Published on Aspen Daily News Online (http://www.aspendailynews.com)
Forest restoration expert comes to Carbondale, Aspen

Writer:
Andrew Travers
Byline:
Aspen Daily News Staff Writer

If our national forests are going to get healthy, local communities have to organize to get the restoration work done, according to Tony Cheng, director of the Colorado Forest Restoration Institute.

Dr. Cheng speaks tonight in Carbondale and tomorrow night in Aspen.

At the institute, housed at Colorado State University, Cheng develops programs to make forests healthier and more resilient, by melding science with public policy.

In towns like Aspen, he noted, collaborative approaches that bring citizens, local governments and federal agencies like the U.S. Forest Service together are the most effective way to tackle forest health.

“The bottom line for me is that our management agencies are strapped for cash and resources,” he said, “and it makes things happen quicker and to greater effect when you have non-governmental organizations in action.”

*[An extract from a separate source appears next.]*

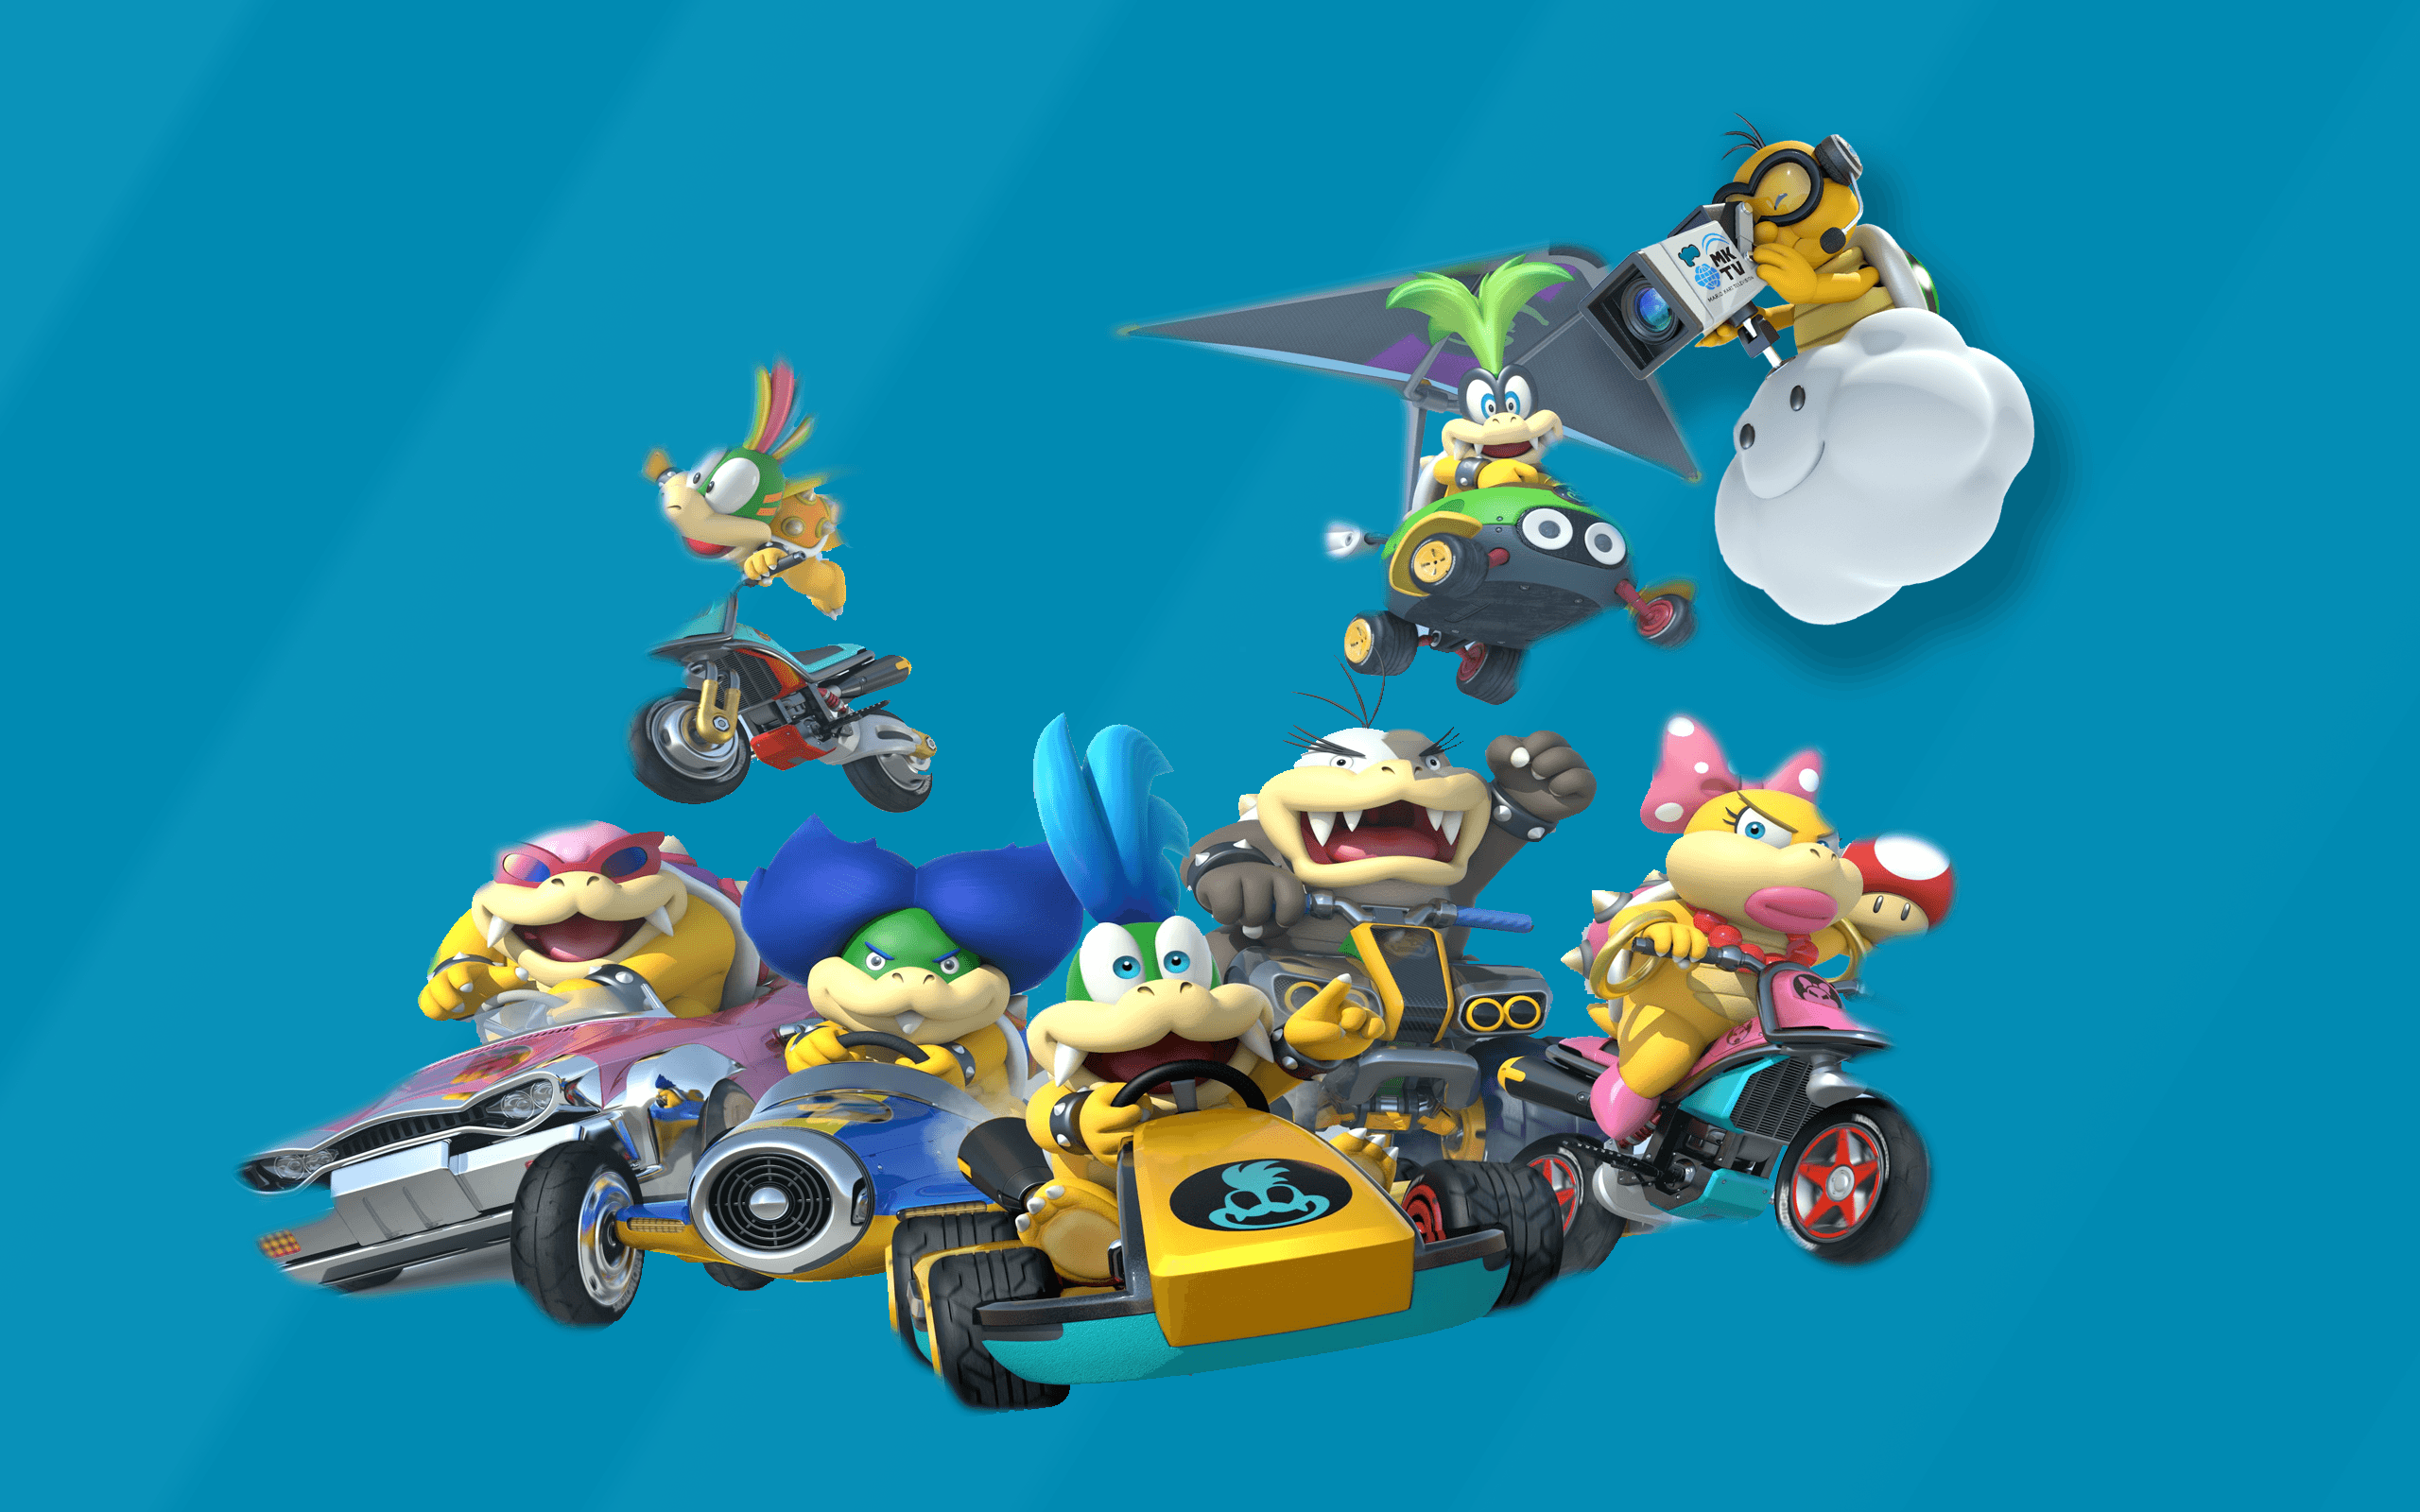 FANART: The Koopalings race to your screen in this Mario Kart 8

He pointed to the budding master plan for the Hunter Creek Valley and Smuggler Mountain as an example of such partnerships. In that case, the Forest Service teamed last year with non-profit For the Forest and others to write a plan addressing fire risk, bark beetle infestation and recreation issues in the area. That planning process is ongoing.

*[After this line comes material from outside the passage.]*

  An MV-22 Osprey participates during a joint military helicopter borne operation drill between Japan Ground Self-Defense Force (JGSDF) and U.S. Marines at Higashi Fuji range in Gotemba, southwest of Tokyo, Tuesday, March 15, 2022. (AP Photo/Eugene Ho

Cheng said he is interested in getting involved with implementing and monitoring that massive undertaking, if it moves forward with the feds.

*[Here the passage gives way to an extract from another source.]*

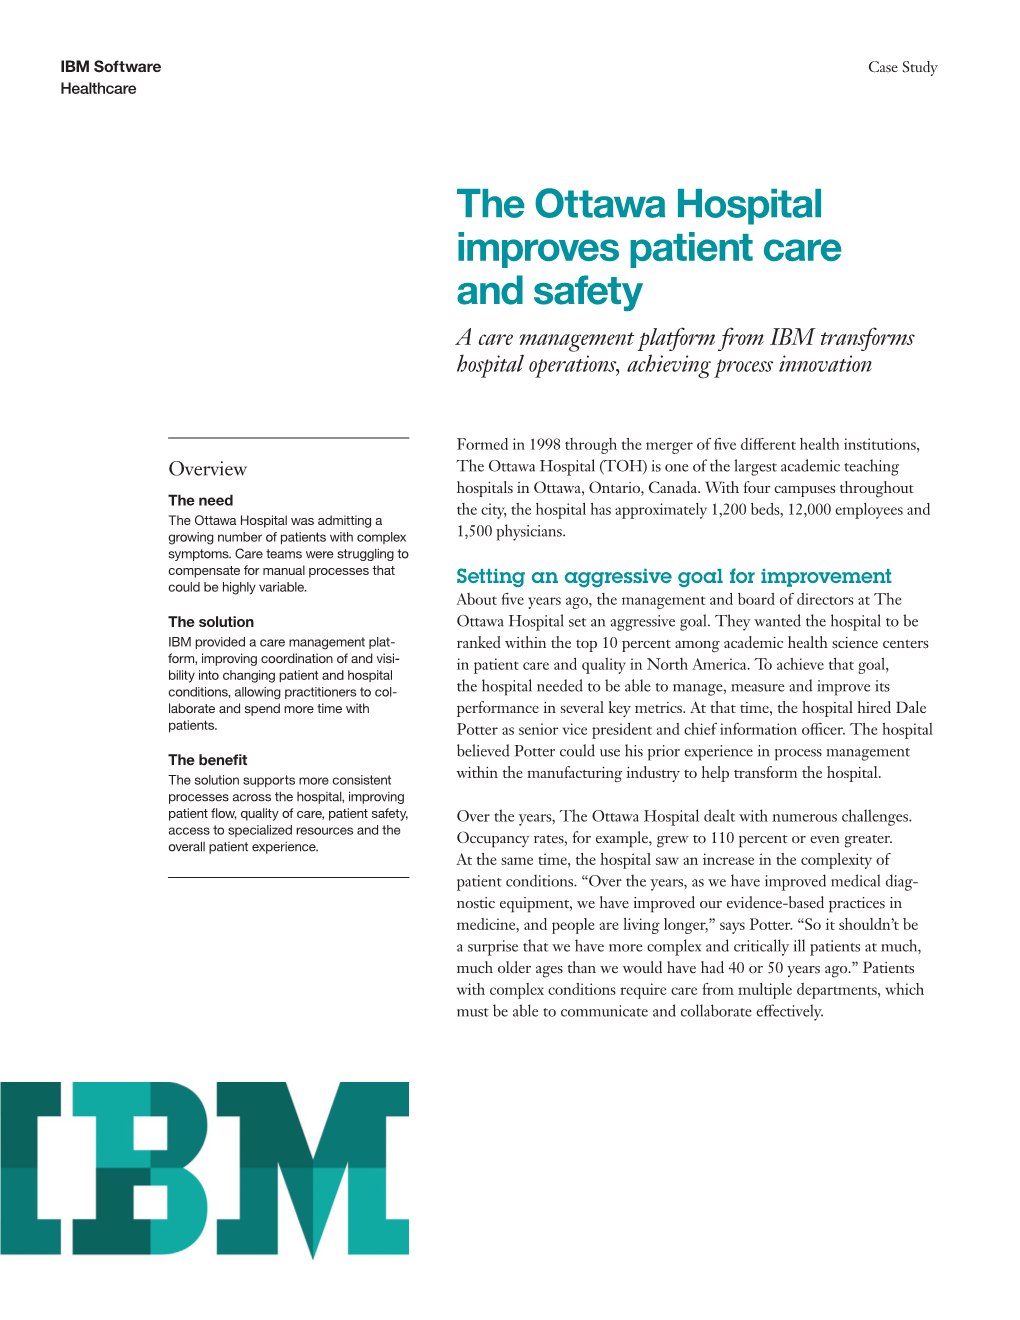 The Ottawa Hospital Improves Patient Care and Safety a Care Management Platform from IBM Transforms Hospital Operations, Achieving Process Innovation

“I think it’s great that a community-based organization has taken it upon themselves to do something about the forest,” he said.

Pine beetles, sudden aspen decline, climate change, monoculture and decadent fire-prone tree growth are just a handful of the health issues plaguing the sick forests of the west. For towns like Aspen that are surrounded by the forest, Cheng noted, it provides an economy and a way of life, making forest health a vital community issue — not only an environmental problem.

His work has focused on areas within the buffer zone between untamed forest and towns like Aspen, the area known in forestry-speak as the “wildland-urban interface.”

Cheng has two public presentations in the valley this week:

• Wednesday, March 14, 5:30 p.m., Third Street Center, 520 S. Third St., in Carbondale.

• Thursday, March 15, 7:30 p.m., Aspen Center For Environmental Studies, 100 Puppy Smith St., in Aspen.